• How to complete this task: Set down each entry exactly; omit images.

*****

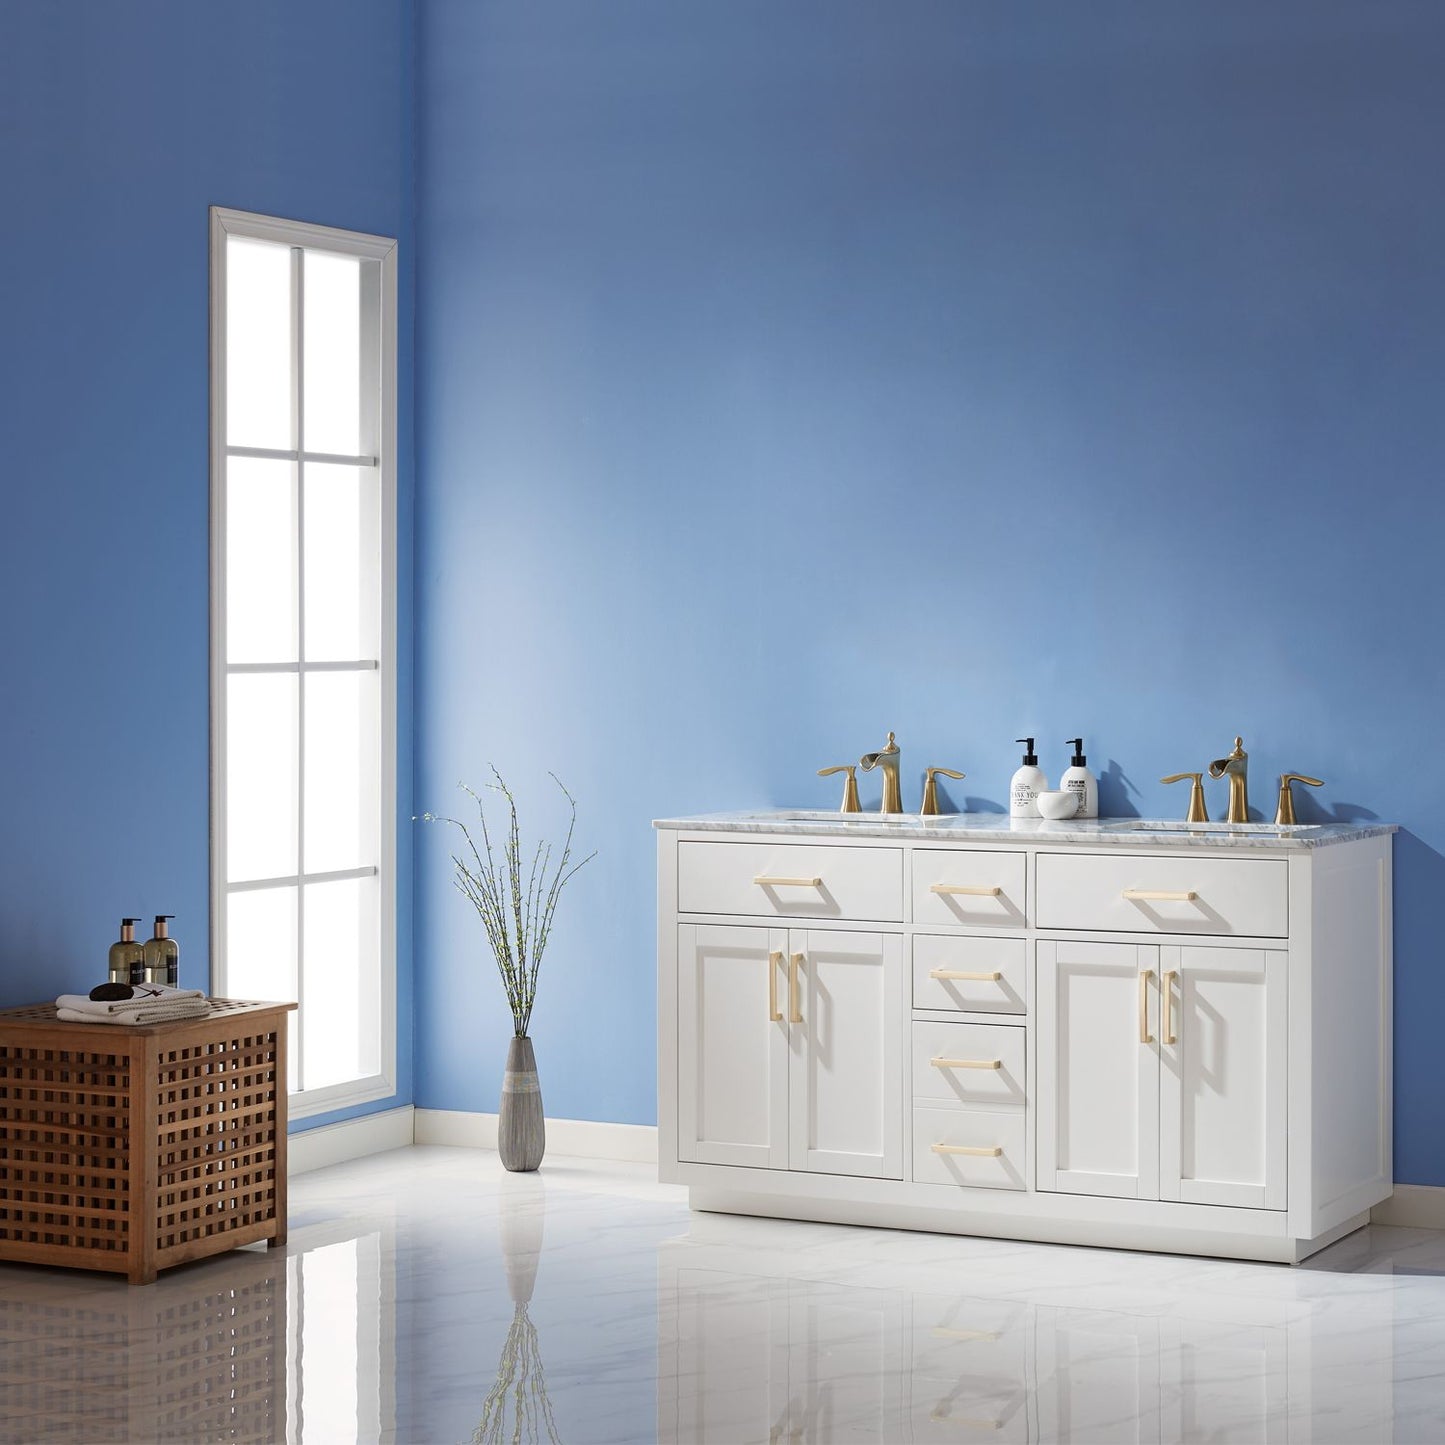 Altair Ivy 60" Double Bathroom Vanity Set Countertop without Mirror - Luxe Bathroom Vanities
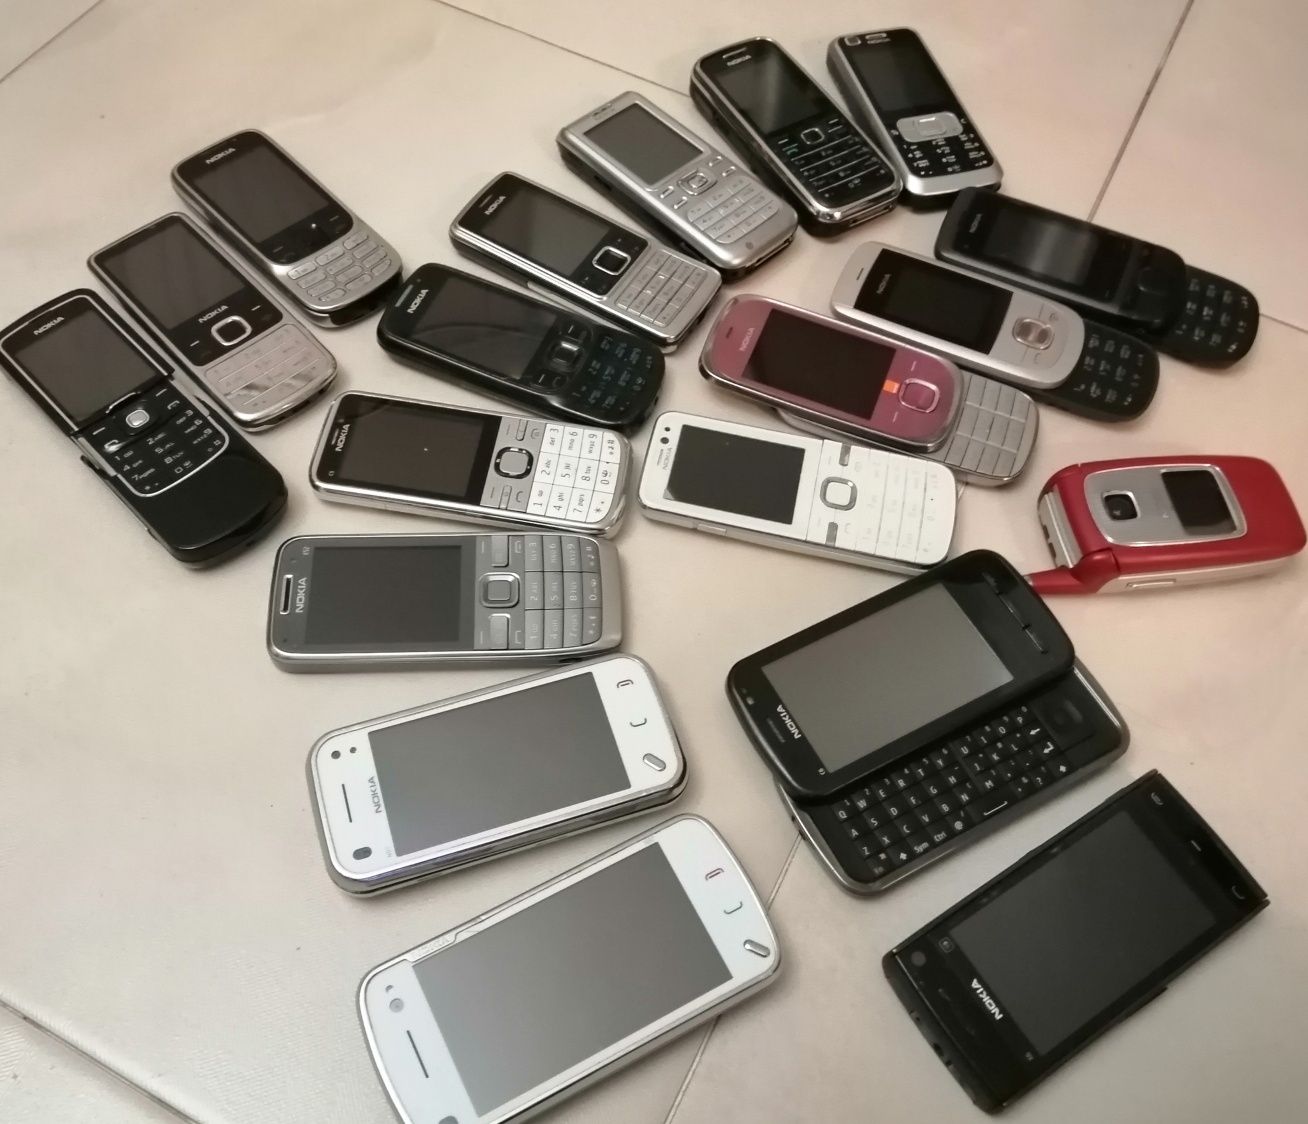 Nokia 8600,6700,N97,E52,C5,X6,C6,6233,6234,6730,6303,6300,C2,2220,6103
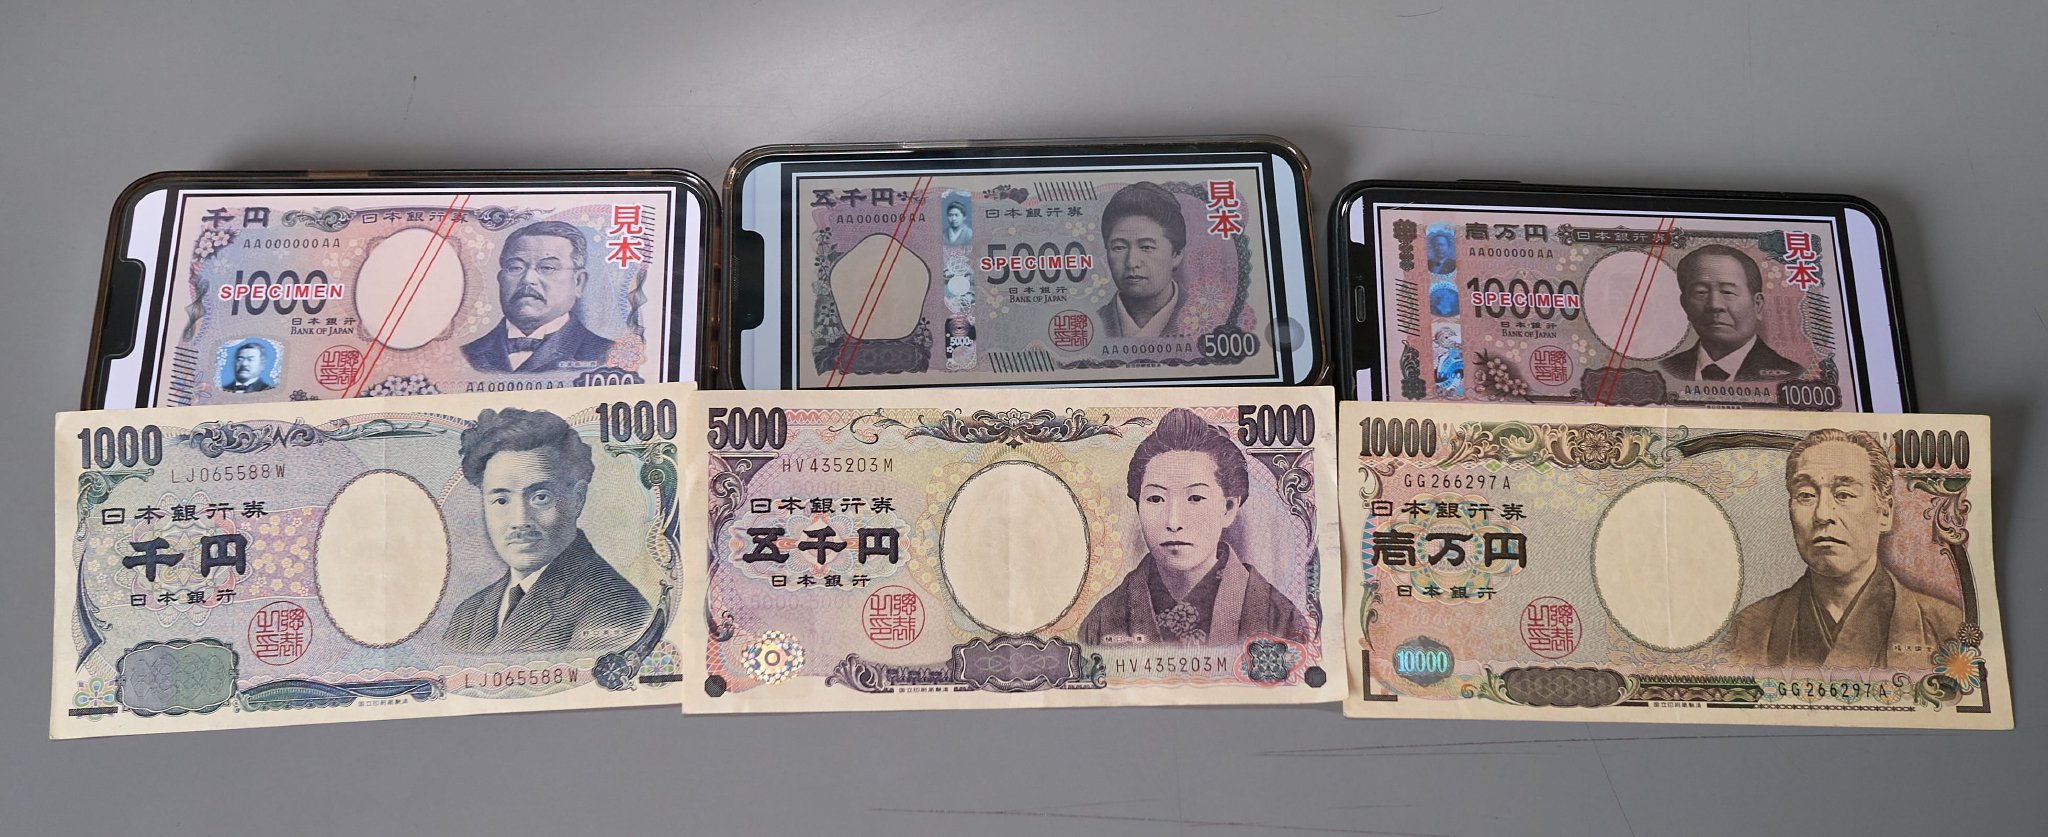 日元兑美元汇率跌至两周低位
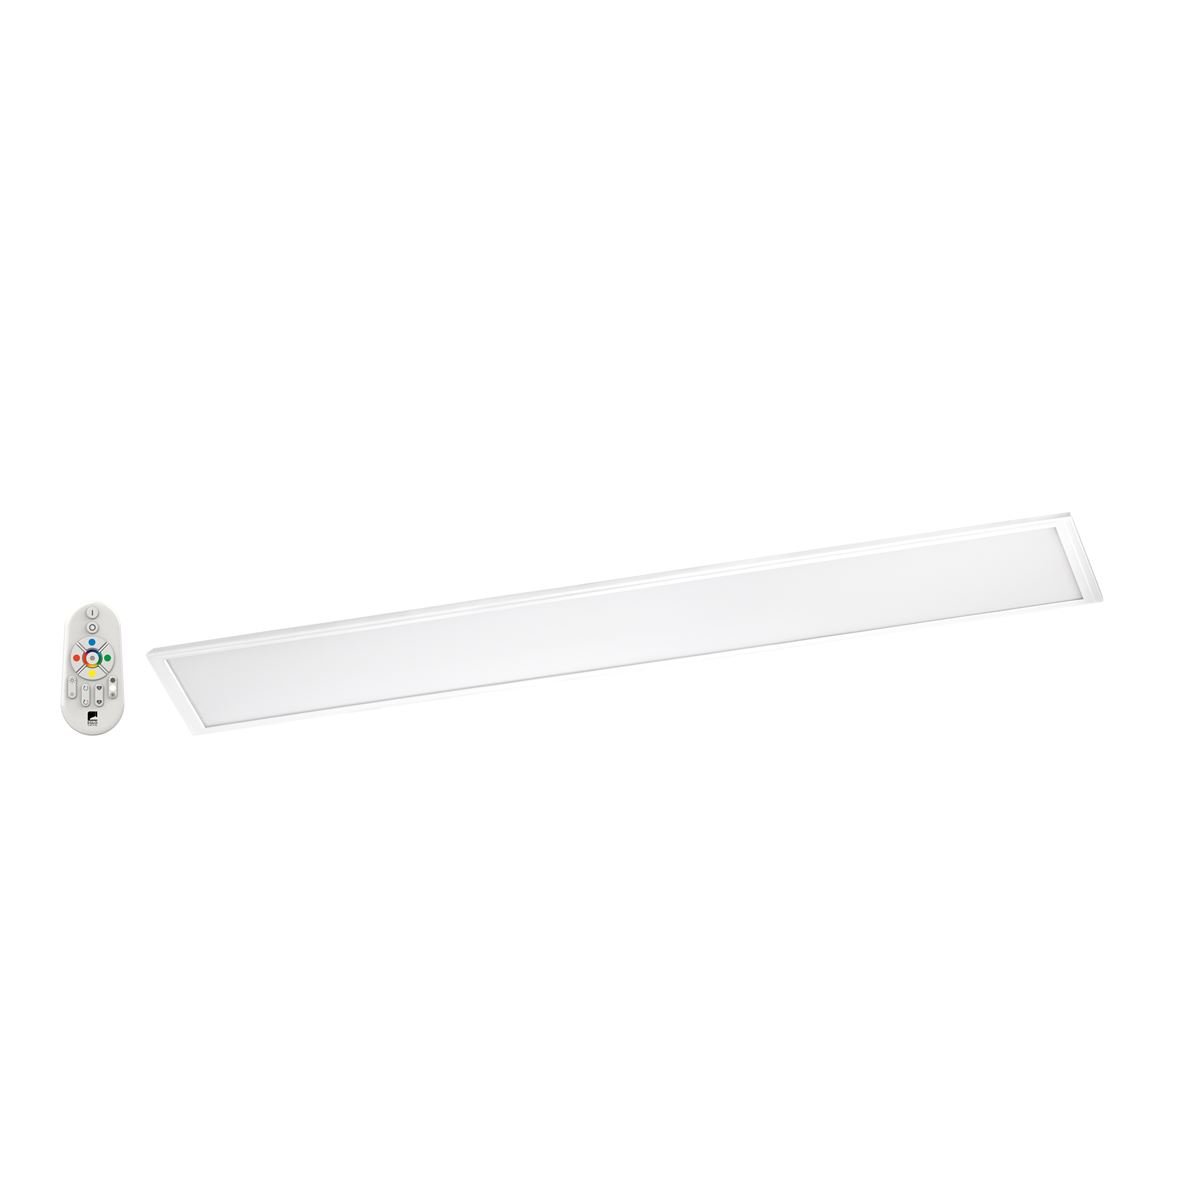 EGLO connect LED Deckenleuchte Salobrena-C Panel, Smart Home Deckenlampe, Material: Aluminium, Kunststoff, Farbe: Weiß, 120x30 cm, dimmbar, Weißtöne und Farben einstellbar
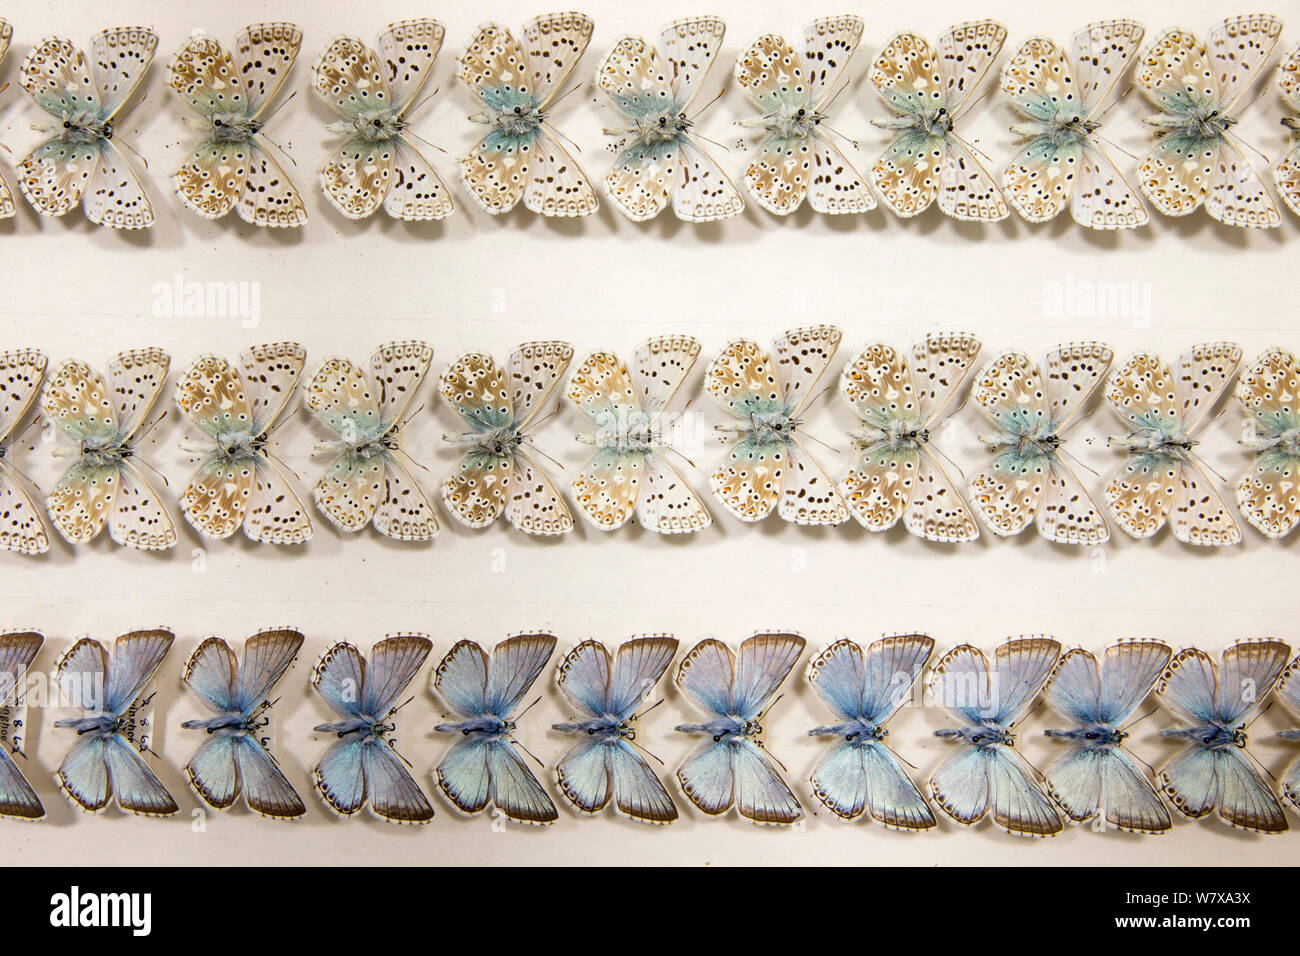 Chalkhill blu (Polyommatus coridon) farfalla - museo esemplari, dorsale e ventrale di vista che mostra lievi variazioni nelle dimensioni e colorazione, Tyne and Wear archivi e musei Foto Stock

*****

• Your solution:
 Altair Ivy 60" Double Bathroom Vanity Set Countertop without Mirror - Luxe Bathroom Vanities
 Nokia 8600,6700,N97,E52,C5,X6,C6,6233,6234,6730,6303,6300,C2,2220,6103
 日元兑美元汇率跌至两周低位
 EGLO connect LED Deckenleuchte Salobrena-C Panel, Smart Home Deckenlampe, Material: Aluminium, Kunststoff, Farbe: Weiß, 120x30 cm, dimmbar, Weißtöne und Farben einstellbar
 Chalkhill blu (Polyommatus coridon) farfalla - museo esemplari, dorsale e ventrale di vista che mostra lievi variazioni nelle dimensioni e colorazione, Tyne and Wear archivi e musei Foto Stock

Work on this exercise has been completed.